• **What to work on**
Check each line of the material, and show the ones that include the word "with".

--- --- ---

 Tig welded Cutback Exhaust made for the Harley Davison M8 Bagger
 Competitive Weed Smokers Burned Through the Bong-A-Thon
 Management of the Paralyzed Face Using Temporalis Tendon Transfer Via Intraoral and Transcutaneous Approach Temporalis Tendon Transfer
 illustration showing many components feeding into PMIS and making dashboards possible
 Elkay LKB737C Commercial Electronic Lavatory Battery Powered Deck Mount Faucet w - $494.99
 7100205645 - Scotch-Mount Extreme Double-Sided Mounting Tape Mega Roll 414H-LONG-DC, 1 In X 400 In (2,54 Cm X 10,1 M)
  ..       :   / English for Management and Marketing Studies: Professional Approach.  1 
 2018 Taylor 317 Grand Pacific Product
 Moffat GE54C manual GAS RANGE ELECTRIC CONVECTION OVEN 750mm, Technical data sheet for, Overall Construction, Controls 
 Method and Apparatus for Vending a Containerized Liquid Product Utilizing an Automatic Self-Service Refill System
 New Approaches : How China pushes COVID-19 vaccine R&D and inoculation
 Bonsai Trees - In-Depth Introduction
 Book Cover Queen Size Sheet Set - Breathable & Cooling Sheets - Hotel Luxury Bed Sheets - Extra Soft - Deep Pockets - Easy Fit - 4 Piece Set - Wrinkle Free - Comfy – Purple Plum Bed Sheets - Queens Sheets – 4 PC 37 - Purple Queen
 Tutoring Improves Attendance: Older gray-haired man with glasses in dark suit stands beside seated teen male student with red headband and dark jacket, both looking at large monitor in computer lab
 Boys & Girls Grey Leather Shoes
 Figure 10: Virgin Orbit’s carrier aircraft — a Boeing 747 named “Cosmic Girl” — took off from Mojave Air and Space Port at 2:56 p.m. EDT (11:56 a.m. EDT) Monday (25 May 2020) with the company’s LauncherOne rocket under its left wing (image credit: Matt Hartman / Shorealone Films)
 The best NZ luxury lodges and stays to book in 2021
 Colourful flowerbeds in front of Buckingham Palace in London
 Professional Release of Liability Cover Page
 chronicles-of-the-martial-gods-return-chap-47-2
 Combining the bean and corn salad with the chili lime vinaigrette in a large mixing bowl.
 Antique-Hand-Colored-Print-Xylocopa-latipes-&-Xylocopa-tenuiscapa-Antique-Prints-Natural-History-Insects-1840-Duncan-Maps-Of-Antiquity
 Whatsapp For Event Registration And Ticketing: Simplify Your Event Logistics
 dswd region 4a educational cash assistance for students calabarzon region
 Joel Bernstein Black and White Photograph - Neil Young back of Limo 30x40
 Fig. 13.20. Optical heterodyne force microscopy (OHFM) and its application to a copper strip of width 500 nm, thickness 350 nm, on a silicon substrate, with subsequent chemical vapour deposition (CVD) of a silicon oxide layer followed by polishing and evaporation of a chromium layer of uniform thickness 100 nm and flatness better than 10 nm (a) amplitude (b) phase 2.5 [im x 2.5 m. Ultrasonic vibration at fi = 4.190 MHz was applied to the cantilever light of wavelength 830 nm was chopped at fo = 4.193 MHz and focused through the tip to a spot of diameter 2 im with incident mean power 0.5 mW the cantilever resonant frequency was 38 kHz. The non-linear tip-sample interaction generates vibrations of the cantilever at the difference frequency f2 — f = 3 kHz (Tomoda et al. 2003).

--- --- ---

• **Answer space**
 Tutoring Improves Attendance: Older gray-haired man with glasses in dark suit stands beside seated teen male student with red headband and dark jacket, both looking at large monitor in computer lab
 Figure 10: Virgin Orbit’s carrier aircraft — a Boeing 747 named “Cosmic Girl” — took off from Mojave Air and Space Port at 2:56 p.m. EDT (11:56 a.m. EDT) Monday (25 May 2020) with the company’s LauncherOne rocket under its left wing (image credit: Matt Hartman / Shorealone Films)
 Combining the bean and corn salad with the chili lime vinaigrette in a large mixing bowl.
 Fig. 13.20. Optical heterodyne force microscopy (OHFM) and its application to a copper strip of width 500 nm, thickness 350 nm, on a silicon substrate, with subsequent chemical vapour deposition (CVD) of a silicon oxide layer followed by polishing and evaporation of a chromium layer of uniform thickness 100 nm and flatness better than 10 nm (a) amplitude (b) phase 2.5 [im x 2.5 m. Ultrasonic vibration at fi = 4.190 MHz was applied to the cantilever light of wavelength 830 nm was chopped at fo = 4.193 MHz and focused through the tip to a spot of diameter 2 im with incident mean power 0.5 mW the cantilever resonant frequency was 38 kHz. The non-linear tip-sample interaction generates vibrations of the cantilever at the difference frequency f2 — f = 3 kHz (Tomoda et al. 2003).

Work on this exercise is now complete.